Я не смог сдержать вздоха облегчения: вот так и объяснилось мнимое принятие графом Толстым ислама.
– В двух вопросах я коренным образом разошелся с представителями церкви, – объяснял Толстой. – в отношении к людям другой веры, в которых я видел своих братьев, лишь иным путем пришедших к исповедуемой ими истине, тогда как представители церкви видели в них злейших врагов своих. И в отношении к насилию, казням и войнам. Для меня это были преступления. Церковь благословляла их. И я отпал от церкви.
Он замолк. Вид у него был совершенно обессиленный.
– Почитайте мне вслух, что я там понаписал.
Я стал читать какую-то древнюю восточную притчу: «Спасаясь от зверя, путник вскакивает в безводный колодец, но на дне колодца видит дракона, разинувшего пасть, чтобы пожрать его. И несчастный, не смея вылезть, чтобы быть пожранным драконом, ухватывается за ветки растущего в расщелине колодца дикого куста и держится на нем. Руки его ослабевают, и он чувствует, что скоро должен будет отдаться погибели, с обеих сторон ждущей его; но он держится и видит, что две мыши, одна черная, другая белая, равномерно обходя стволину куста, на котором он висит, подтачивают ее. Вот-вот сам собой обрушится и оборвется куст, и он упадет в пасть дракону. Путник видит это и знает, что он неминуемо погибнет; но пока он висит, он ищет вокруг себя и находит на листьях куста капли меда, достает их языком и лижет их».
– И это не басня, а это истинная, неоспоримая, всякому понятная правда! – заговорил Толстой. – Так и я держусь за ветви жизни, зная, что неминуемо ждет дракон смерти, готовый растерзать меня, и я не могу понять, зачем я попал на это мучение. И я пытаюсь сосать тот мед, который прежде утешал меня, но этот мед уже не радует меня, а белая и черная мыши день и ночь подтачивают ветку, за которую я держусь. Я ясно вижу дракона и мышей – и не могу отвратить от них взоров. Наука, опытное знание игнорируют вопросы о конечных целях существования мира и человека. Добросовестные же умозрительные науки ставят эти вопросы, но ответа на них не дают.

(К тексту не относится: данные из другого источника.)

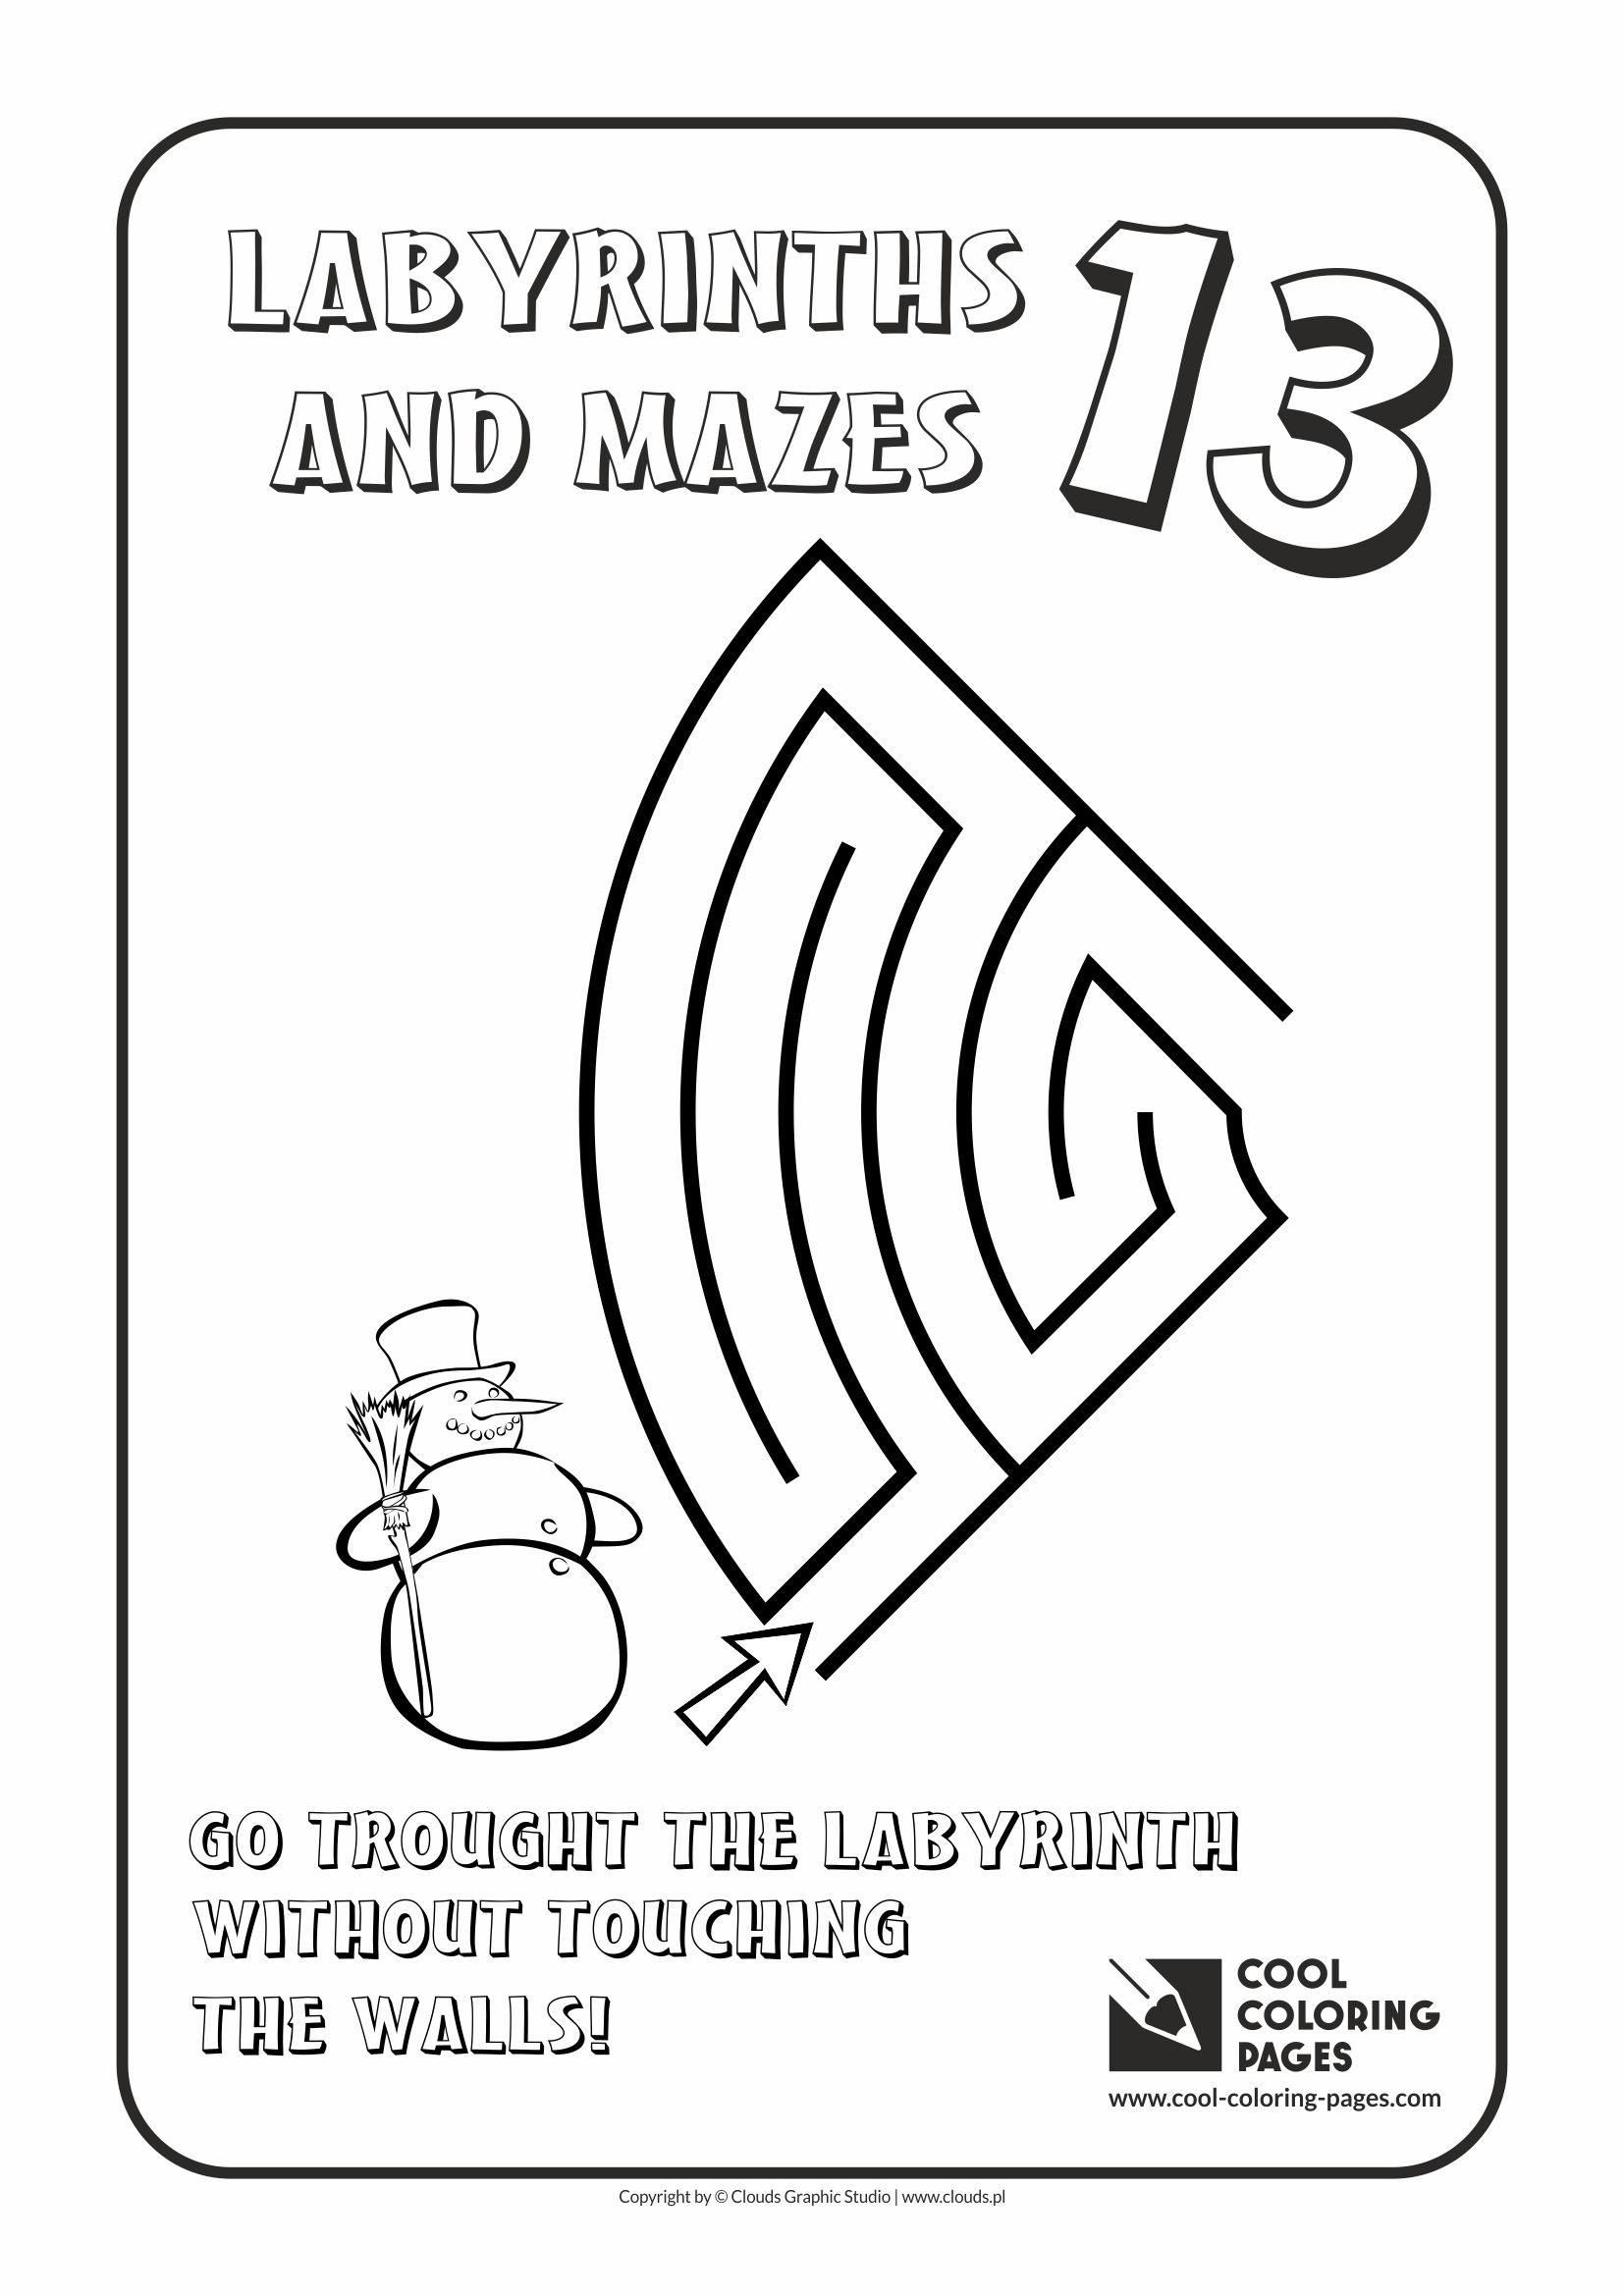 Cool Coloring Pages - Labyrinths and mazes / Maze no 13

Я дошел до конца страницы и остановился, предполагая, что больной предпочтет отдохнуть. Но вместо этого Толстой заговорил, задумчиво хмуря брови:
– Я видел четыре выхода из этих неразрешимых жизненных вопросов, – поведал Лев Николаевич. – Первый выход – это неведение. Это люди, которые еще не поняли этих ужасных вопросов, у них ему нечему учиться. Второй выход – эпикурейство. Это те, кто не хотят сознательно видеть опасности и лижут мед, находящийся близко от них. Третий выход был самоубийство. Многие сильные люди, поняв неизбежность гибели, сознательно кончали с собою. Я часто был близок к этому. Я вынес из своей комнаты шнурок, где я каждый вечер бывал один, раздеваясь, чтобы не повеситься на перекладине между шкафами, и перестал ходить с ружьем на охоту, чтобы не соблазниться слишком легким способом избавления себя от жизни. Я сам не знал, чего я хочу: я боялся жизни, стремился прочь от нее и между тем чего-то еще надеялся от нее. Четвертый выход был выход слабости. Знать все и не иметь сил покончить с собой, тянуть жизнь… Это было для меня отвратительно, мучительно, но я оставался в этом положении.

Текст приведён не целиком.